[Data items]
BEGIN
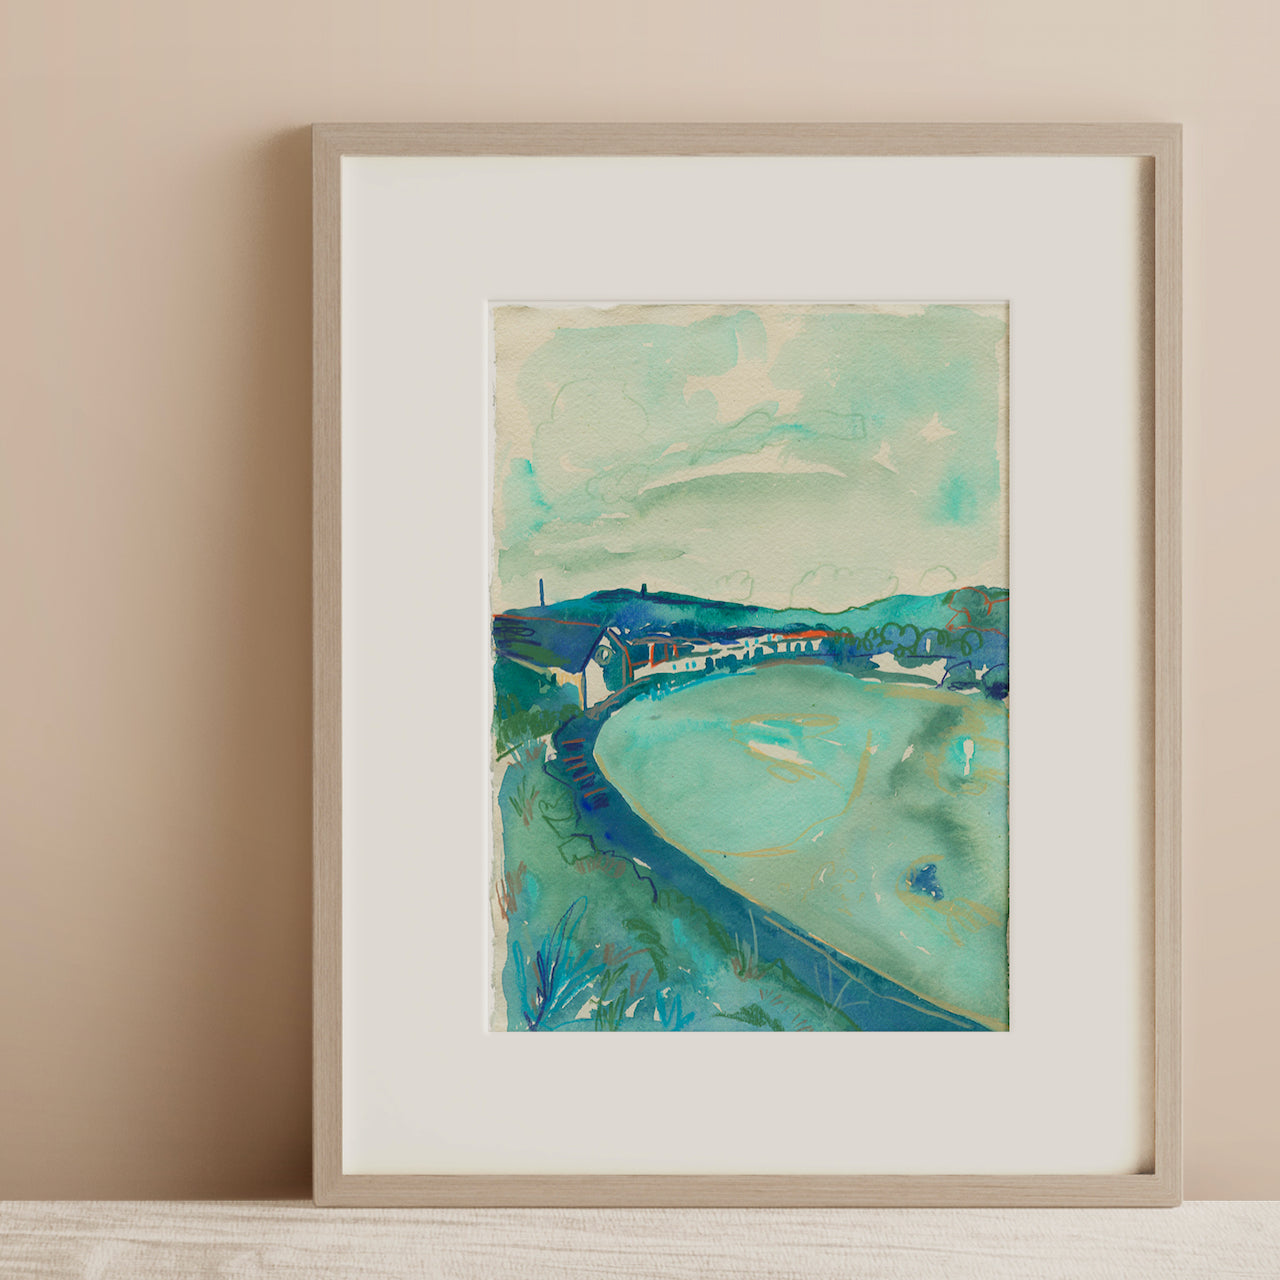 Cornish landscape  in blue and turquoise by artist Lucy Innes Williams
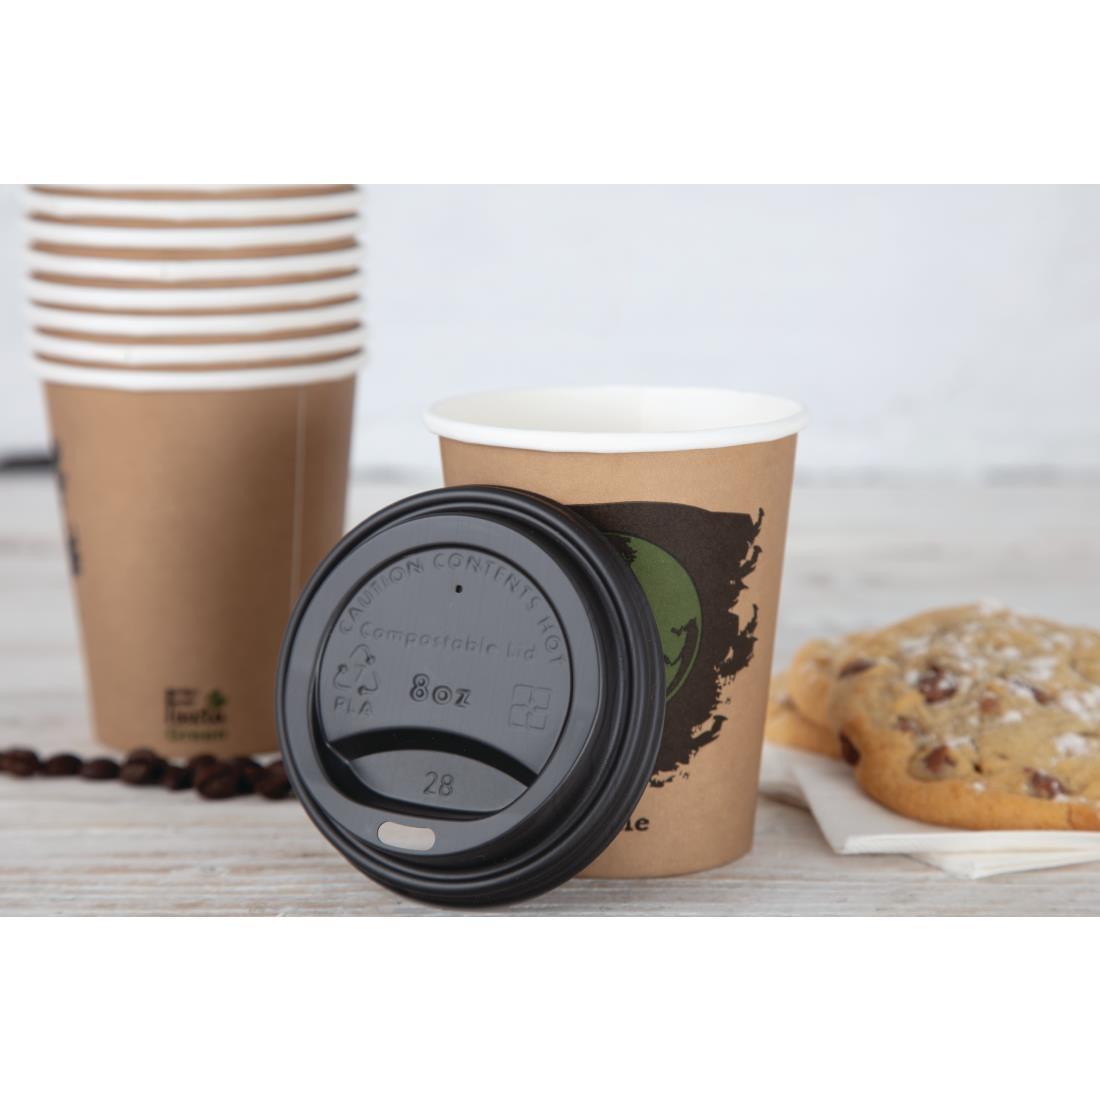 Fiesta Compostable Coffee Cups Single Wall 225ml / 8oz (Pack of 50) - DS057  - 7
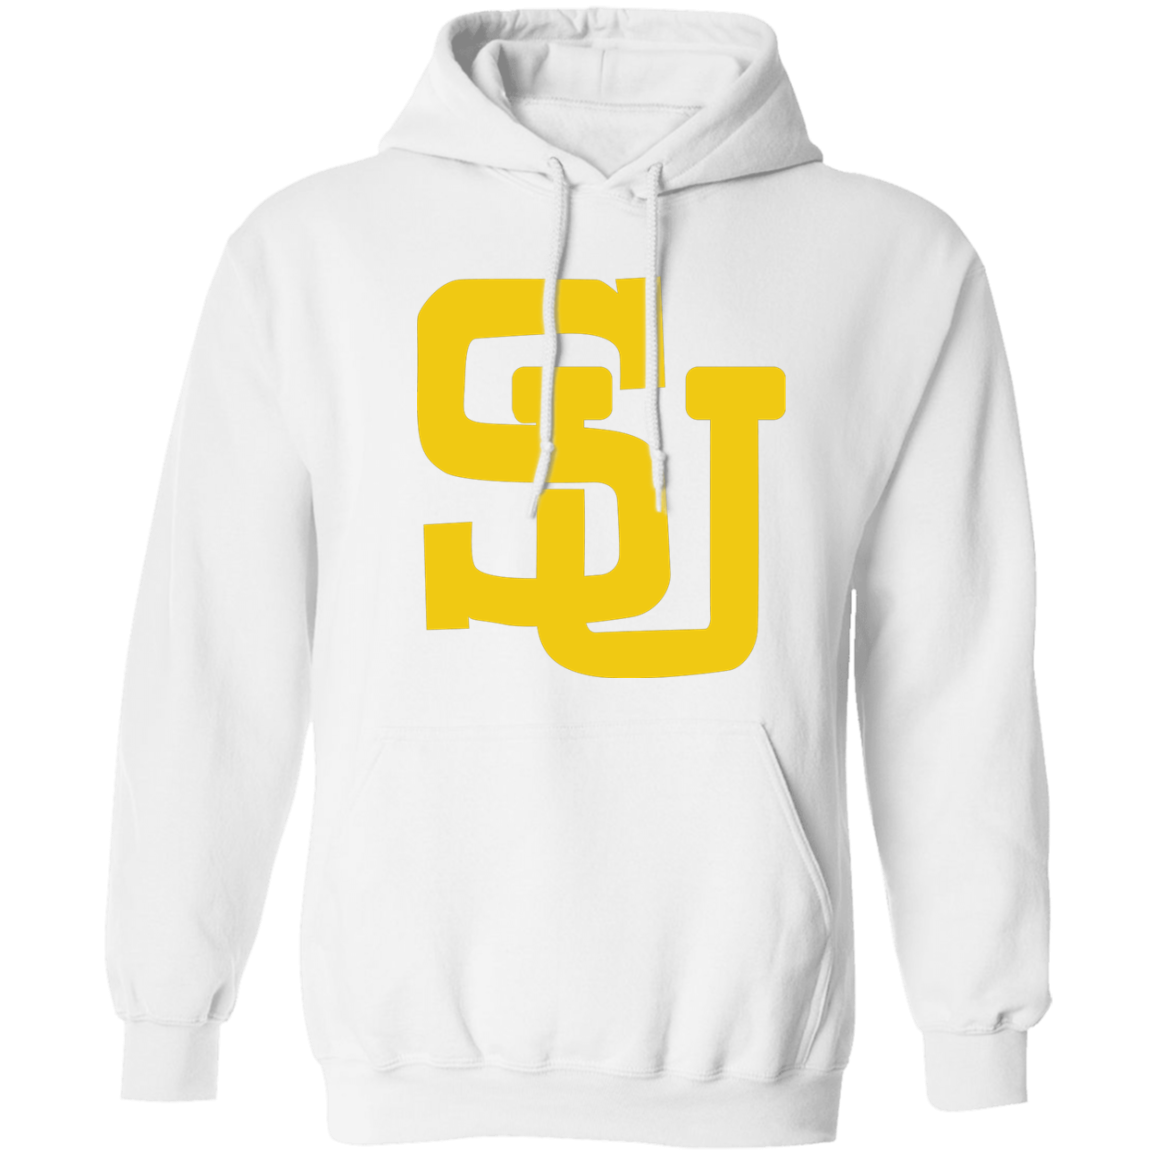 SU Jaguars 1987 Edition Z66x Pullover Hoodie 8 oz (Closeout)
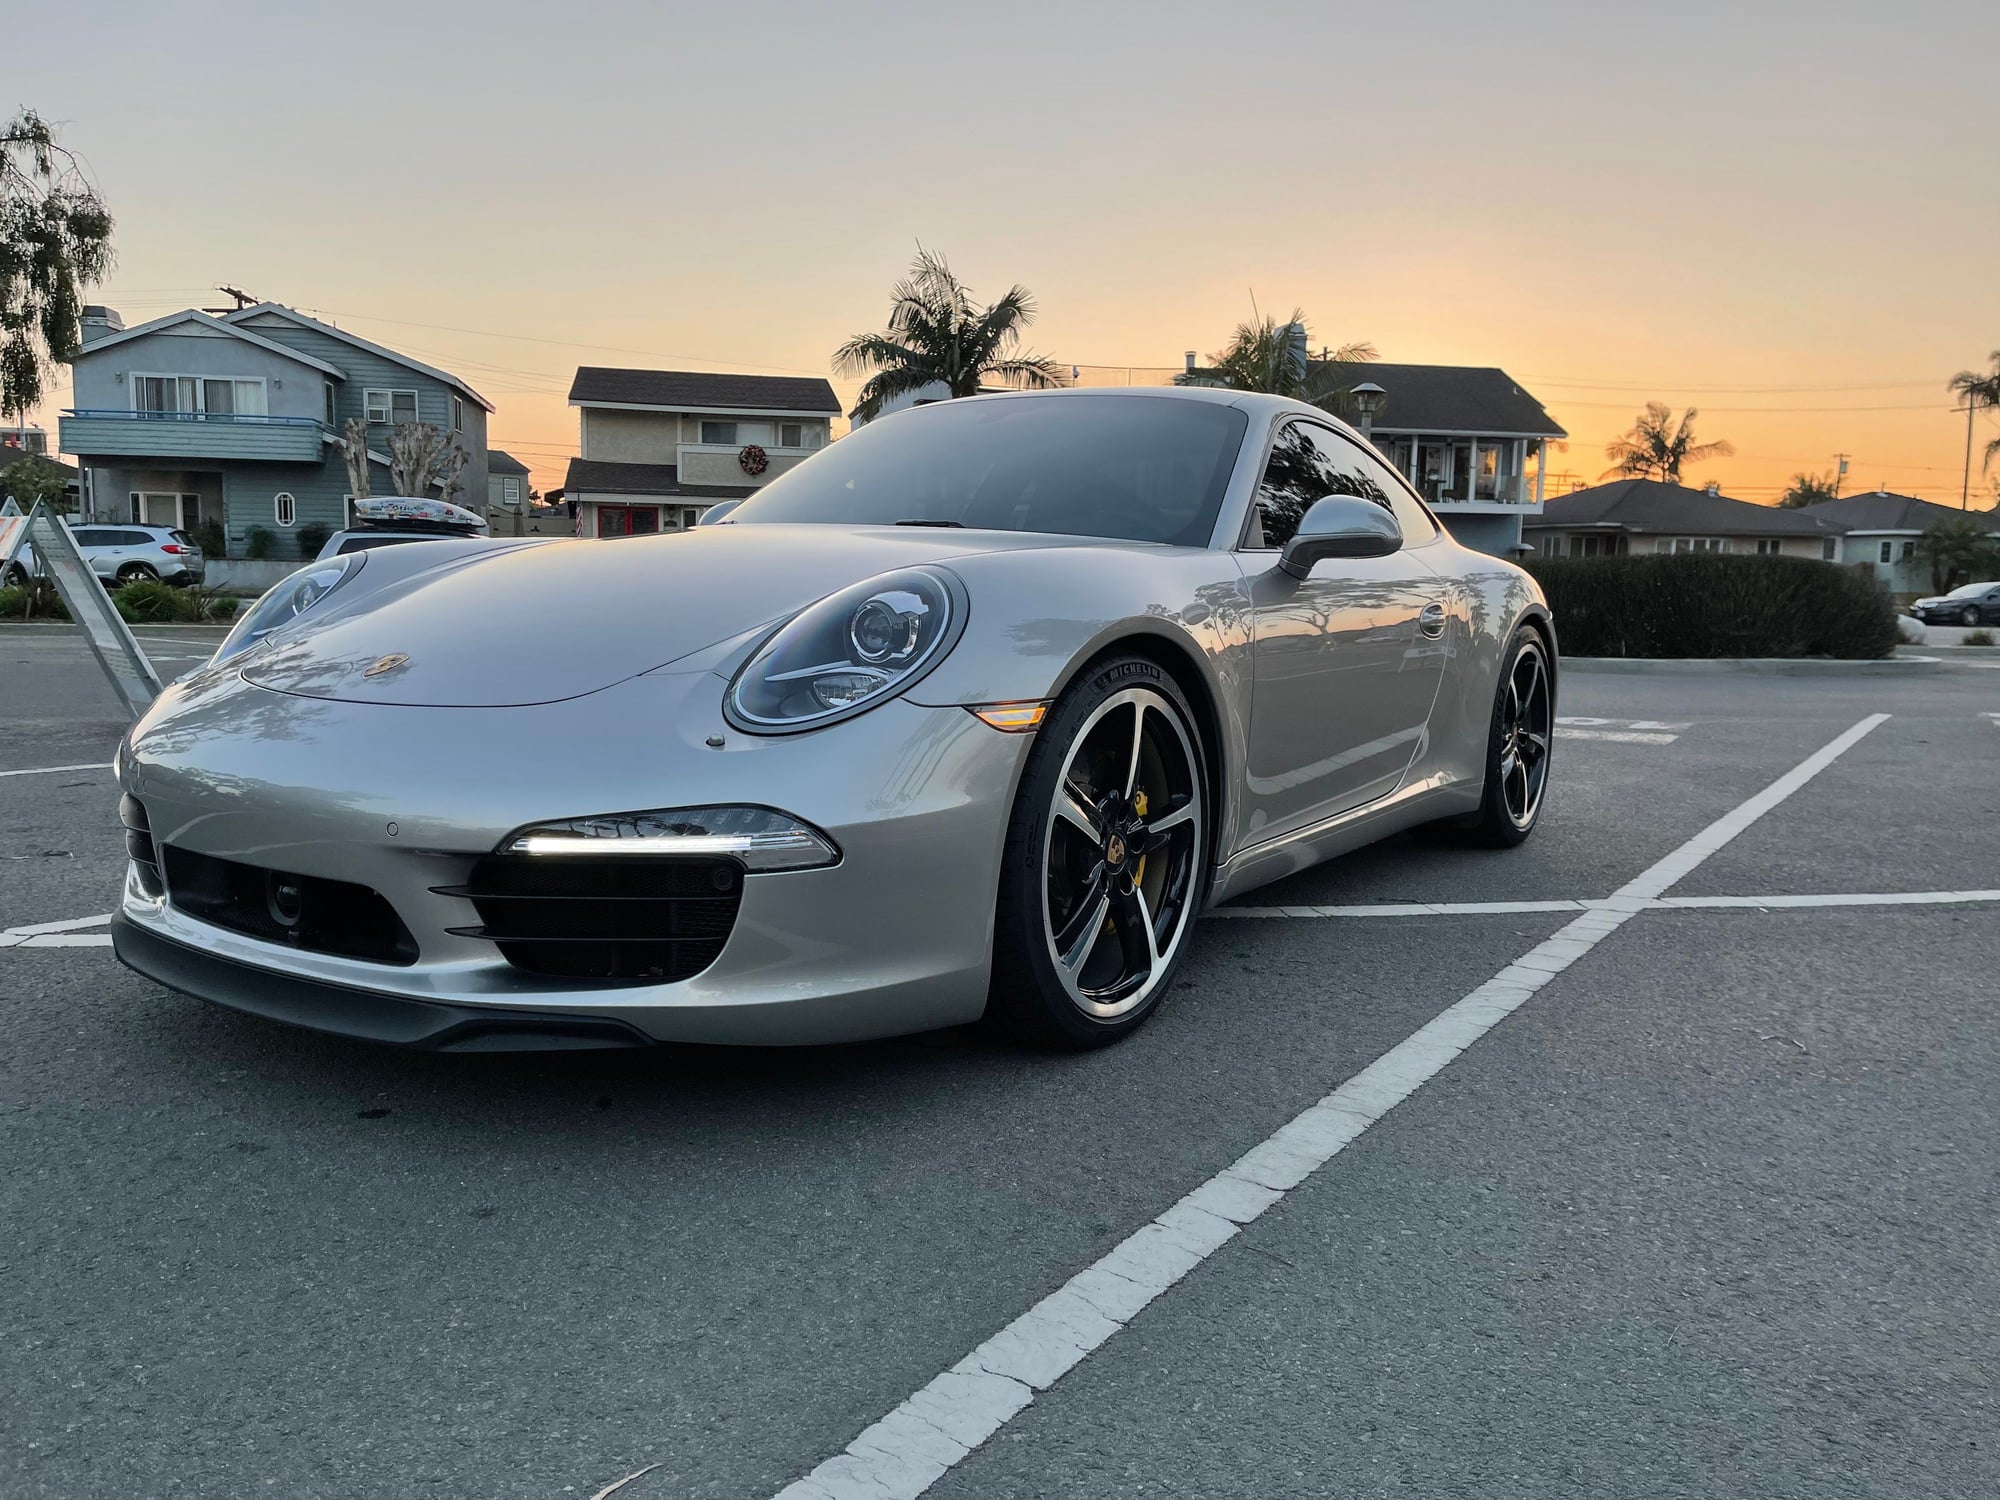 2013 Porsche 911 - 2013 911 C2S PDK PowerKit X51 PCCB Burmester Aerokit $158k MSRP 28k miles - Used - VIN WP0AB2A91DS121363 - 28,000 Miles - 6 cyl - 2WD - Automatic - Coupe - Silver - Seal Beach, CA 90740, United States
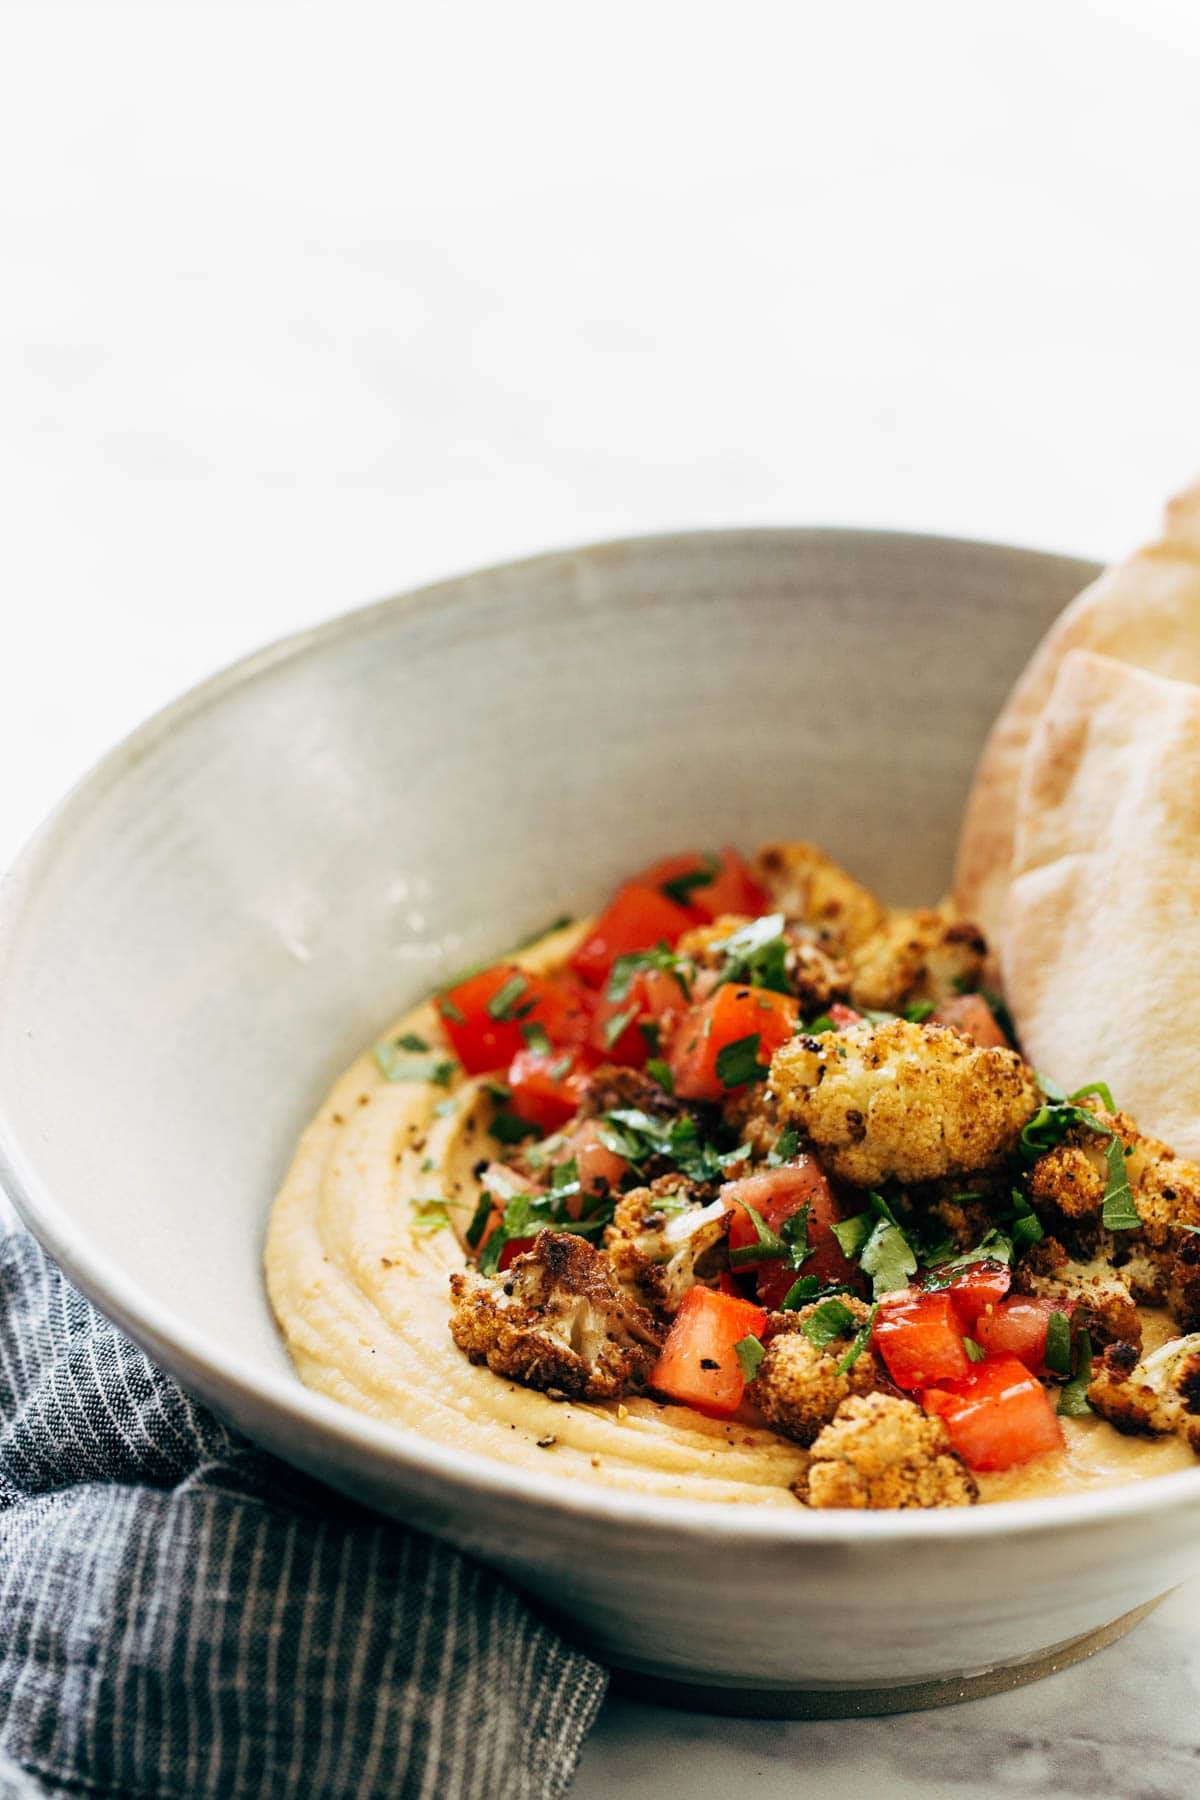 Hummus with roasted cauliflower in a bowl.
END
== What this task involves ==
Reproduce the data above line for line, excluding every picture.

== Answer to this exercise ==
 Cornish landscape  in blue and turquoise by artist Lucy Innes Williams
 Fiesta Compostable Coffee Cups Single Wall 225ml / 8oz (Pack of 50) - DS057  - 7
 SU Jaguars 1987 Edition Z66x Pullover Hoodie 8 oz (Closeout)
 2013 Porsche 911 - 2013 911 C2S PDK PowerKit X51 PCCB Burmester Aerokit $158k MSRP 28k miles - Used - VIN WP0AB2A91DS121363 - 28,000 Miles - 6 cyl - 2WD - Automatic - Coupe - Silver - Seal Beach, CA 90740, United States
 Hummus with roasted cauliflower in a bowl.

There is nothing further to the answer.